Anche Andrea Bargnani, dopo avere ricordato alcuni momenti e le sensazioni della sua lunga carriera, ha focalizzato il suo intervento sui successi e le soddisfazioni che sta ottenendo dopo aver smesso di giocare: “Mi sono ritirato molto presto, a 31 anni, perché nelle ultime 4 stagioni nella NBA gli infortuni mi hanno costretto a saltare più partite di quante ne abbia potute disputare. Io sono un iperattivo, non riesco a stare fermo ed è stato proprio in un momento che ho vissuto malissimo mentalmente perché non giocavo che ho avuto il tempo per dedicarmi a studiare cose extra basket che, però, mi piacevano e appassionavano. Ho iniziato ‘ingaggiando’ dei professori dell’Università di Toronto per approfondire il marketing, ho poi studiato all’INSEAD in Francia, alla Luiss, alla Bocconi”. Oggi Bargnani è un imprenditore che ha riportato all’interno del basket, come LBA Executive Advisor, le conoscenze maturate prima in campo e poi nel mondo del lavoro. “Il consiglio che do ai ragazzi è di seguire sempre la passione. So che sembra troppo facile che sia io a dirlo che col basket ho guadagnato tanto, ma non ho mai fatto una scelta pensando ai soldi. L’anno in cui sono stato più triste e depresso, a New York, guadagnavo un milione al mese. I miei ricordi più belli sono tutti legati alla soddisfazione di aver costruito qualcosa di figo, di bello, di utile. Noi sportivi siamo avvantaggiati, perché fin da ragazzini, a 13 o 14 anni, lavoriamo: per imparare, migliorare, essere competitivi più degli avversari, facendo sacrifici per ottenere dei risultati. Non bisogna perdere questo vantaggio che abbiamo nei confronti degli altri”.
Flavio Tranquillo ha preso spunto nel suo intervento intitolato “Scommesse e consapevolezza” da quanto sta accadendo nella NBA nello scandalo sul gioco d’azzardo e le scommesse che ha coinvolto personaggi come Billups o Rozier, per calare i ragazzi nella realtà dello sport odierno, che vede crescere vorticosamente il giro miliardario delle scommesse sportive. Che, attraendo anche la malavita organizzata, possono mettere i giocatori di fronte a situazioni eticamente e economicamente ardue da gestire senza la consapevolezza necessaria. Sottolineando come, anche senza scommettere o partecipare ad atti di illecito sportivo, tutti i giocatori, anche i più giovani, siano potenziali obbiettivi sensibili: “Non sono io che voglio insegnarvi cosa dovete o non dovete fare della vostra vita – ha detto Tranquillo – questo è il vostro gioco. Ma dovete sapere che potrebbe accadere domani mattina che qualcuno vi chieda informazioni apparentemente innocenti su cosa, ad esempio, è successo nel vostro spogliatoio, se uno ha litigato con l’allenatore o sicuramente giocherà o non giocherà la prossima partita.

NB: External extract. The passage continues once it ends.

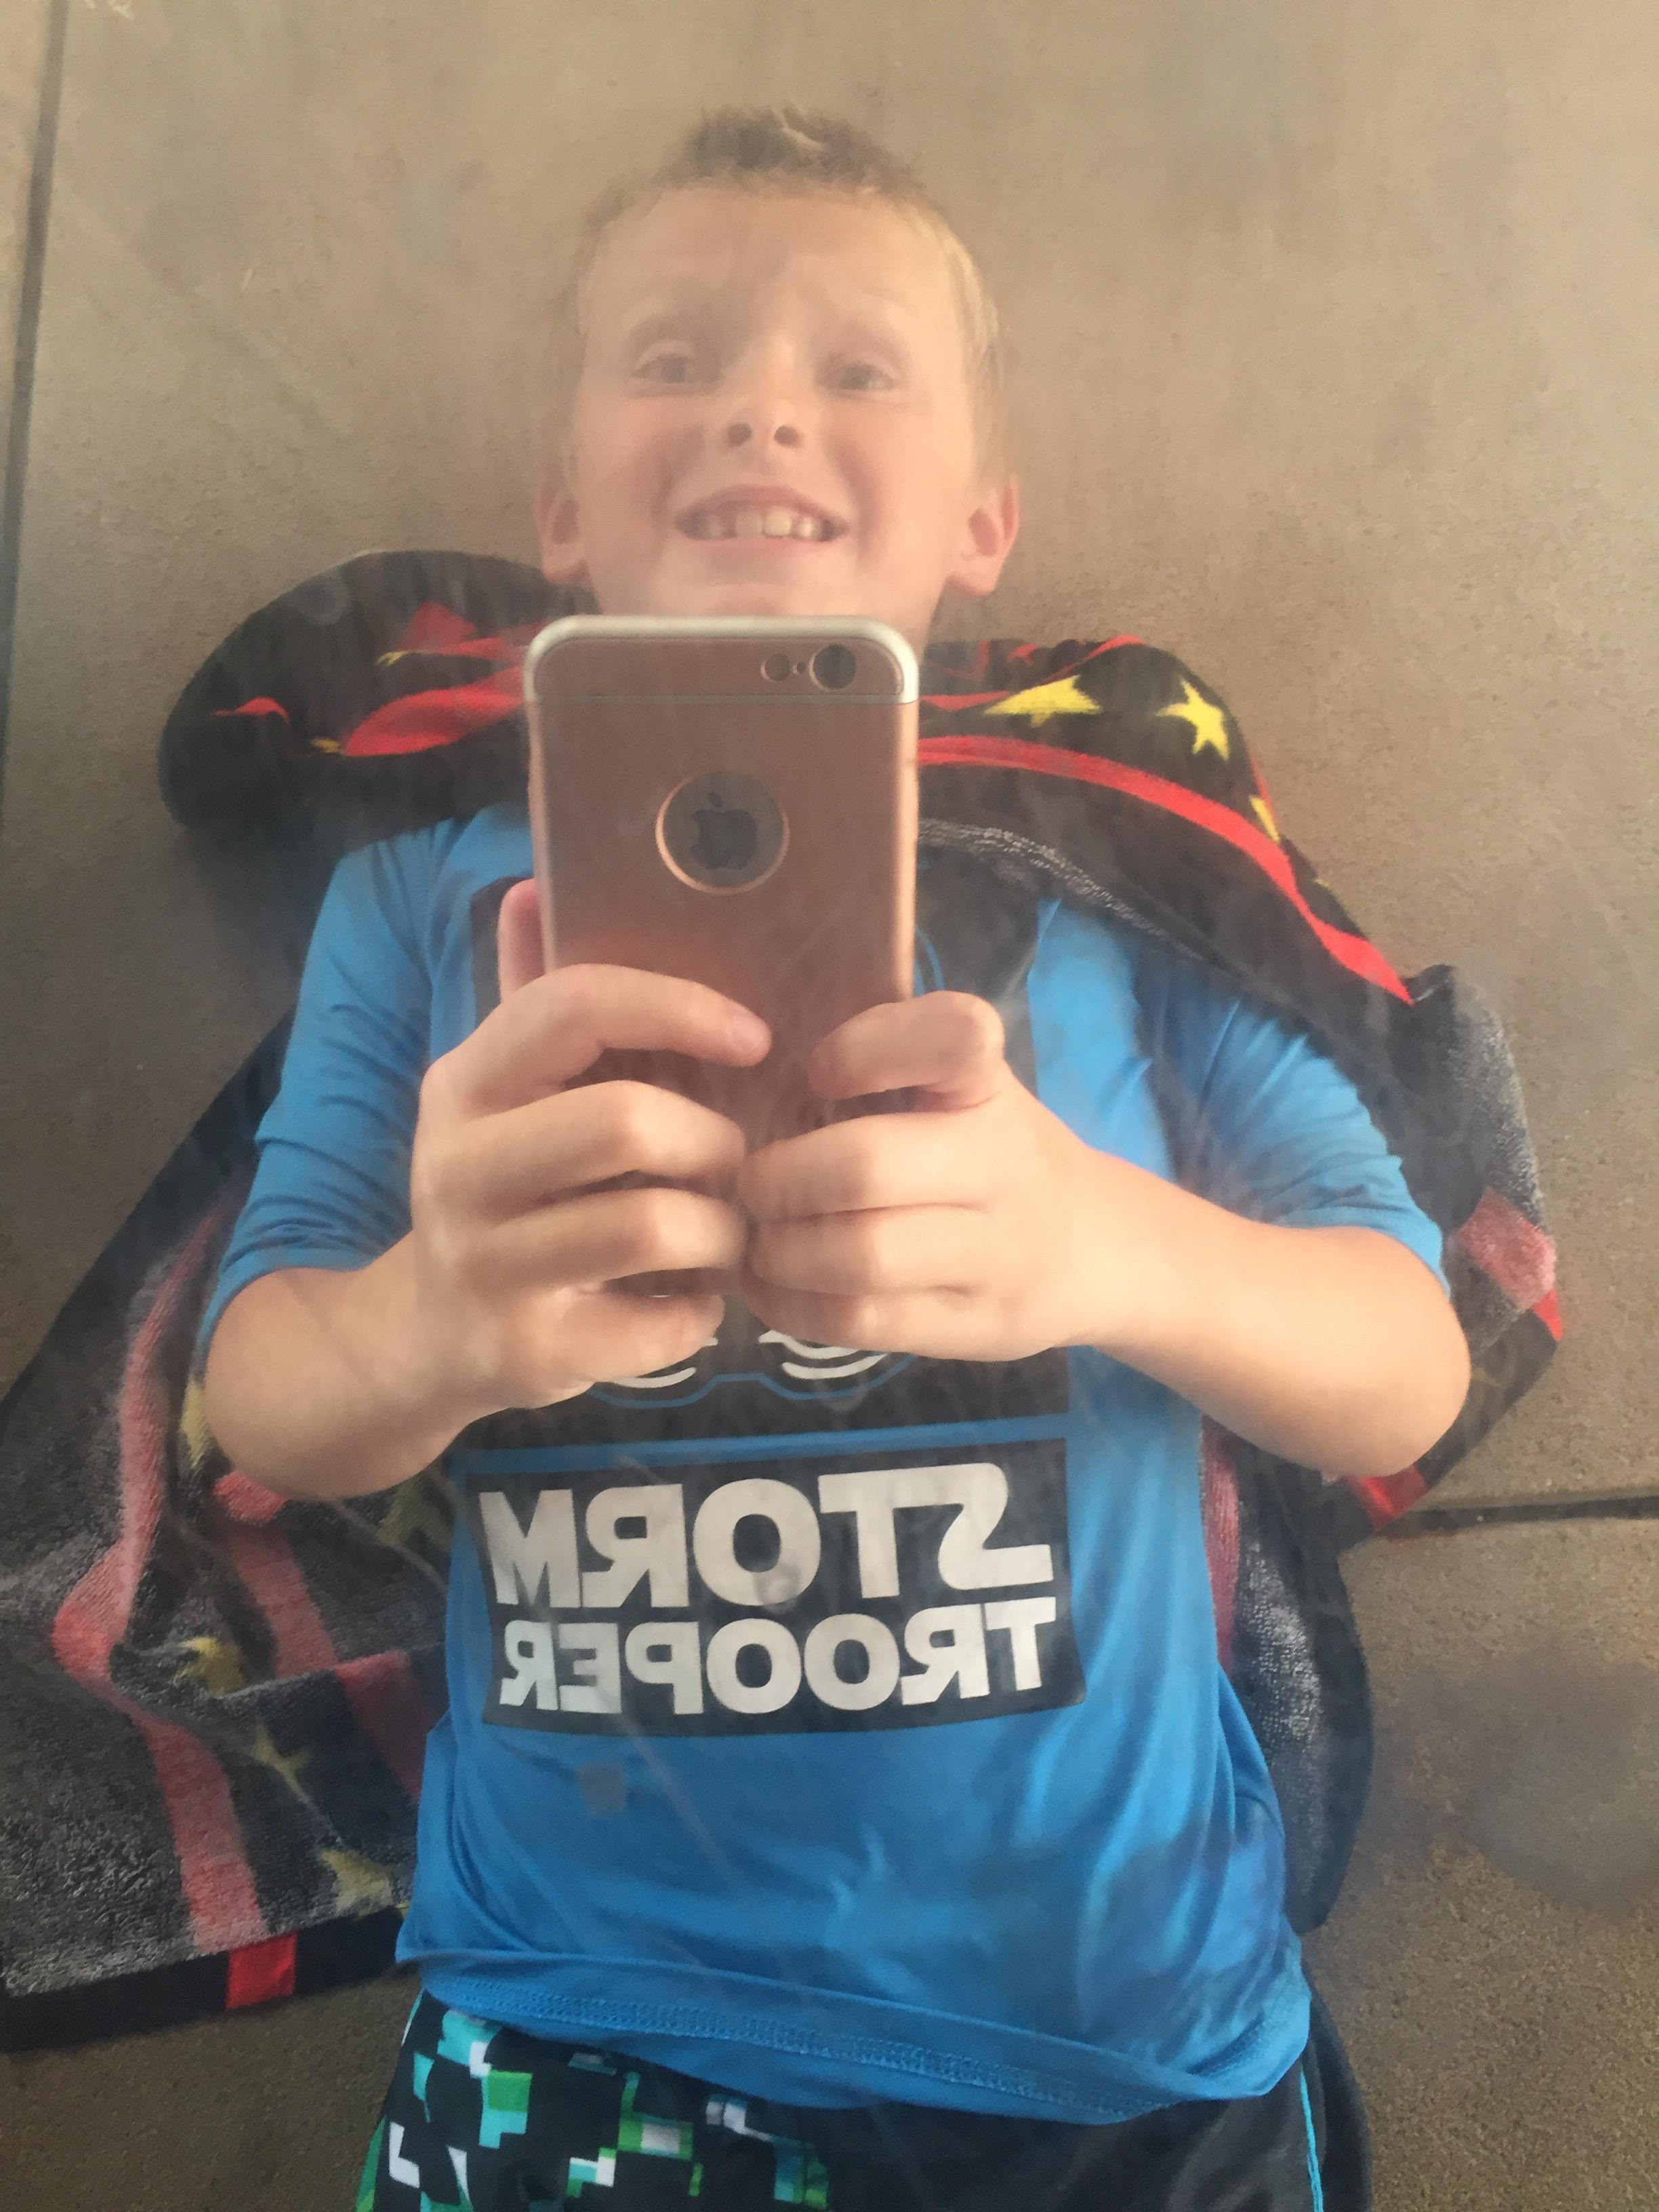 selfie, funny boy, the bean, cloudgate, chicago, chicago blogger, mommy blog, mom guilt
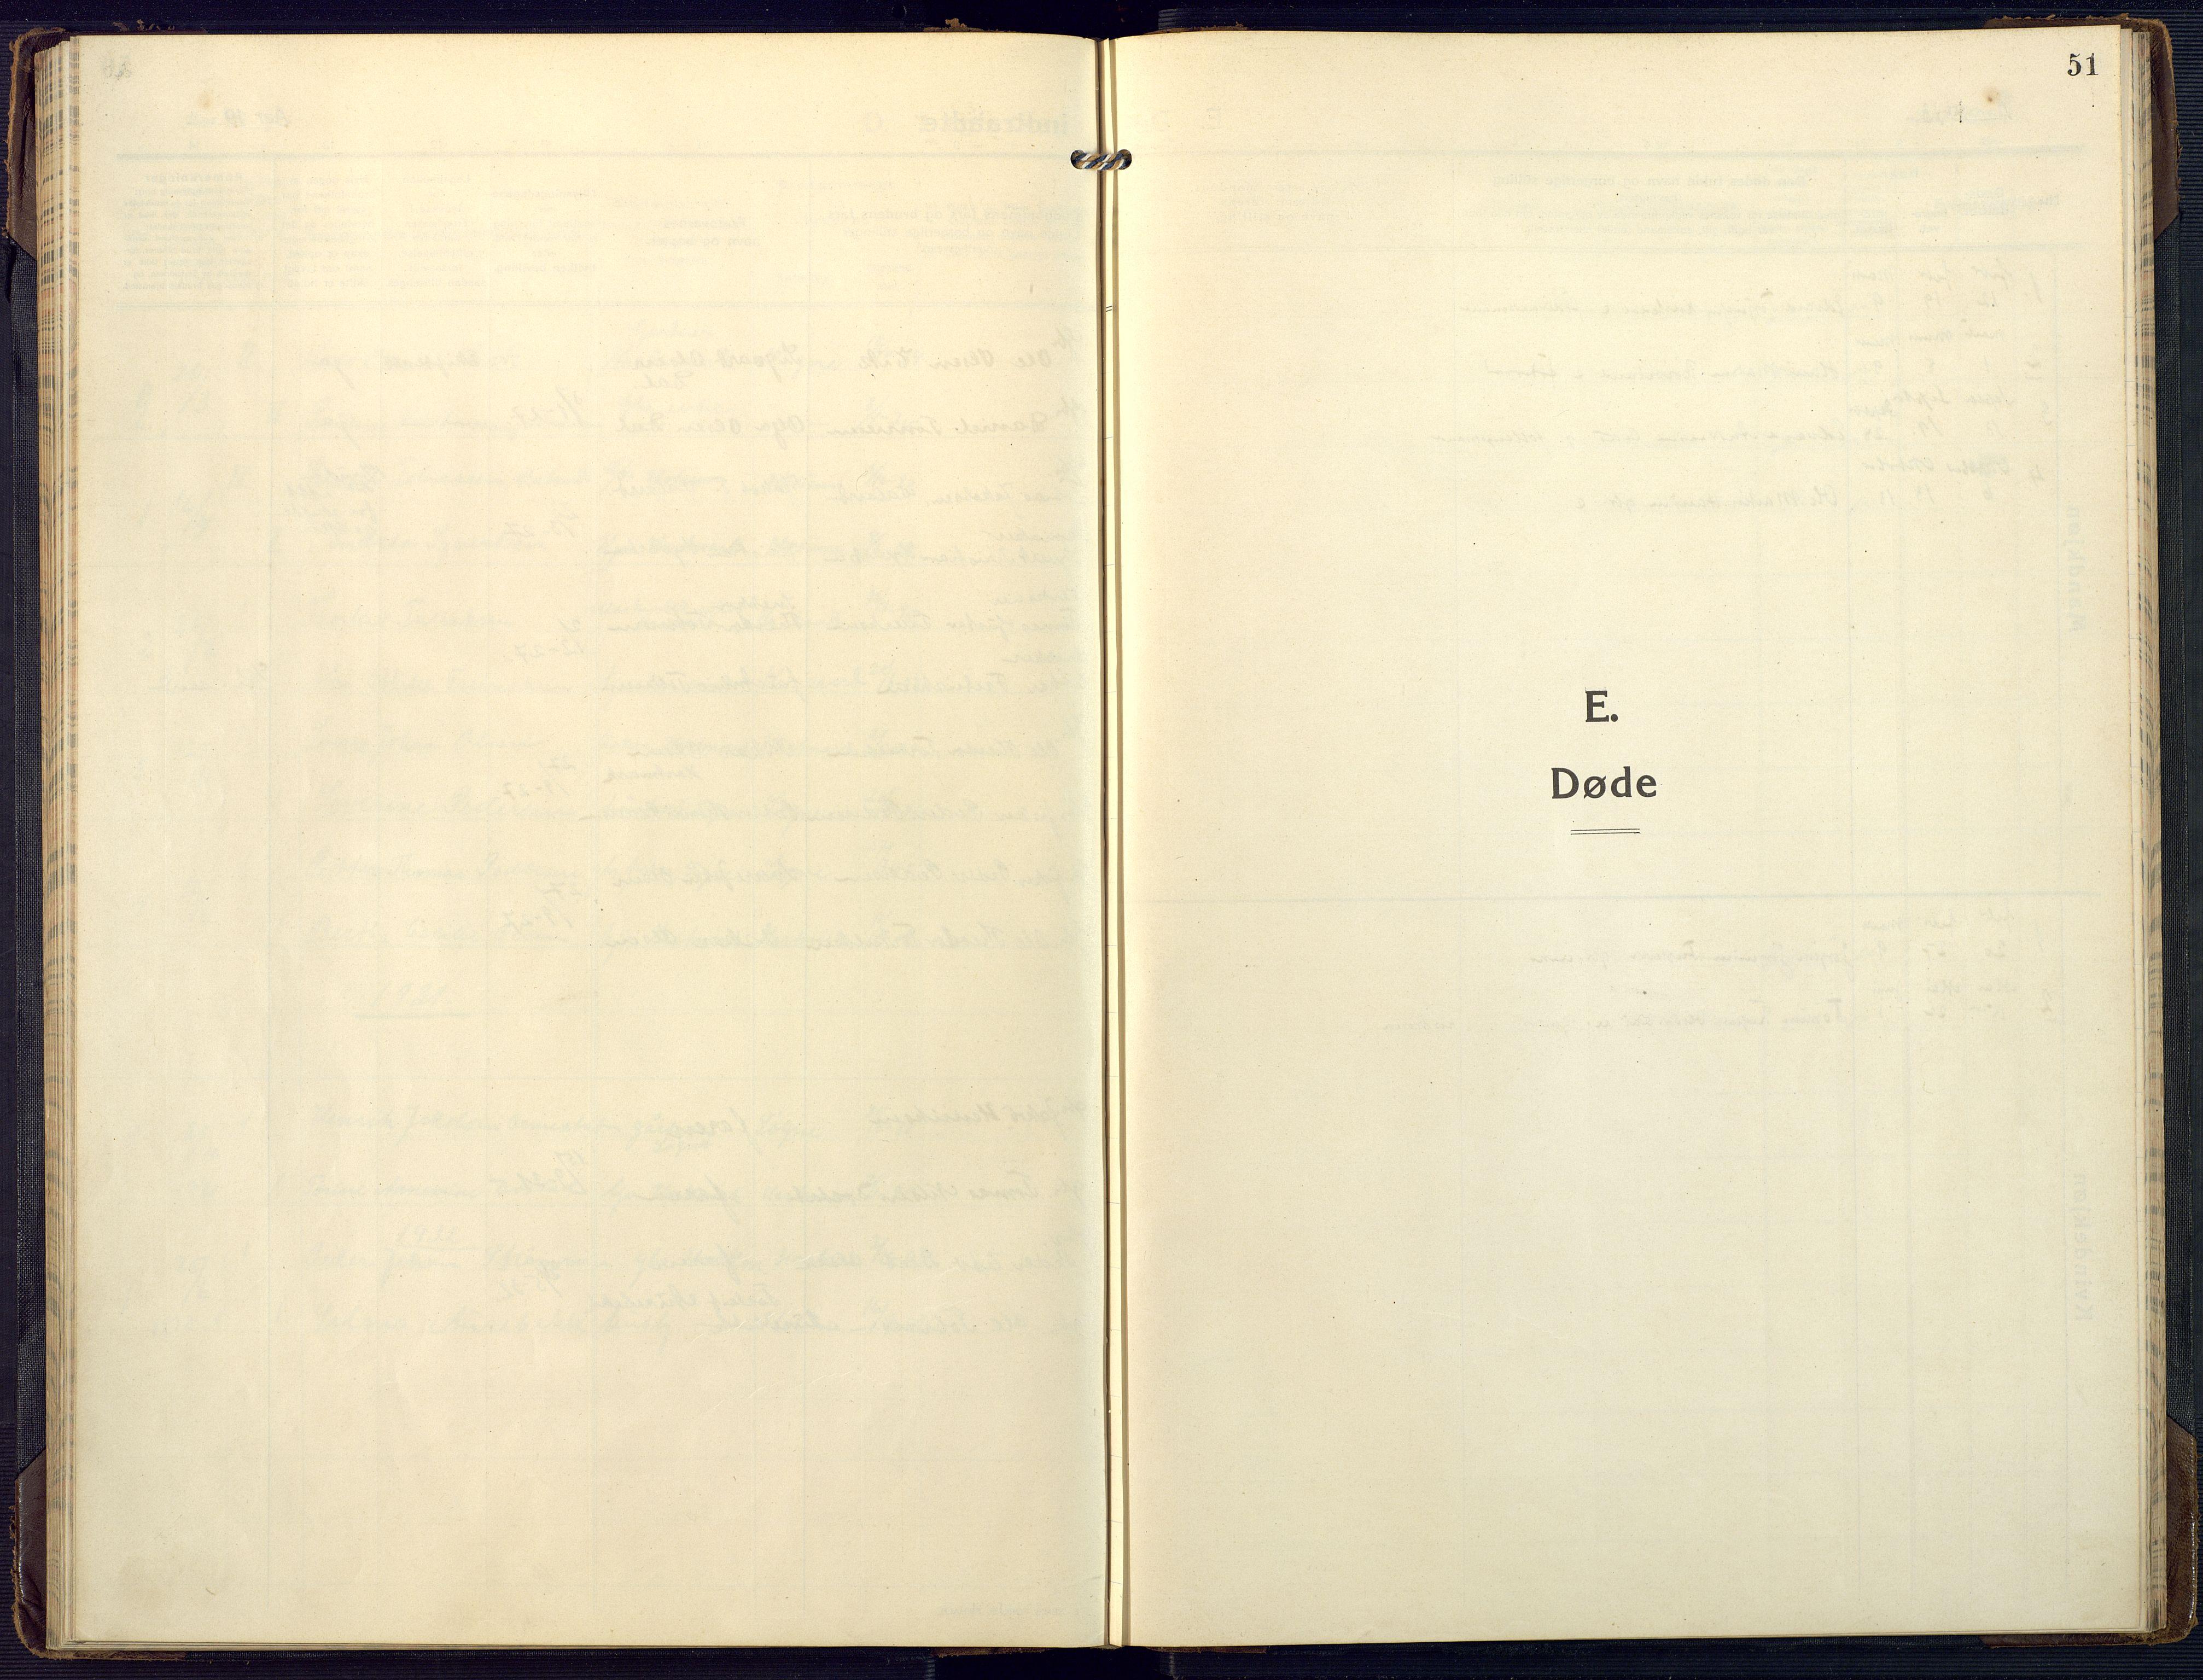 SAK, Mandal sokneprestkontor, F/Fa/Fab/L0003: Ministerialbok nr. A 3, 1913-1933, s. 51

Queste sono informazioni che oggi, in America, possono valere milioni di dollari, e qui centinaia di migliaia di Euro, per chi organizza scommesse quasi sempre, in questi casi, illecite. Se accade, dovete sapere prima come comportarvi non solo per la paura di commettere quello che è a tutti gli effetti un reato penale. Potete scegliere cosa fare, ma se il vostro è un no a dare certe informazioni, deve essere netto e per sempre. Non importa se chi ve le chiede lo conoscete, è simpatico o e un vostro amico”.
Gli interventi della tappa di Rimini della Next Generation Educational saranno disponibili sulle pagine social di A Better Basketball.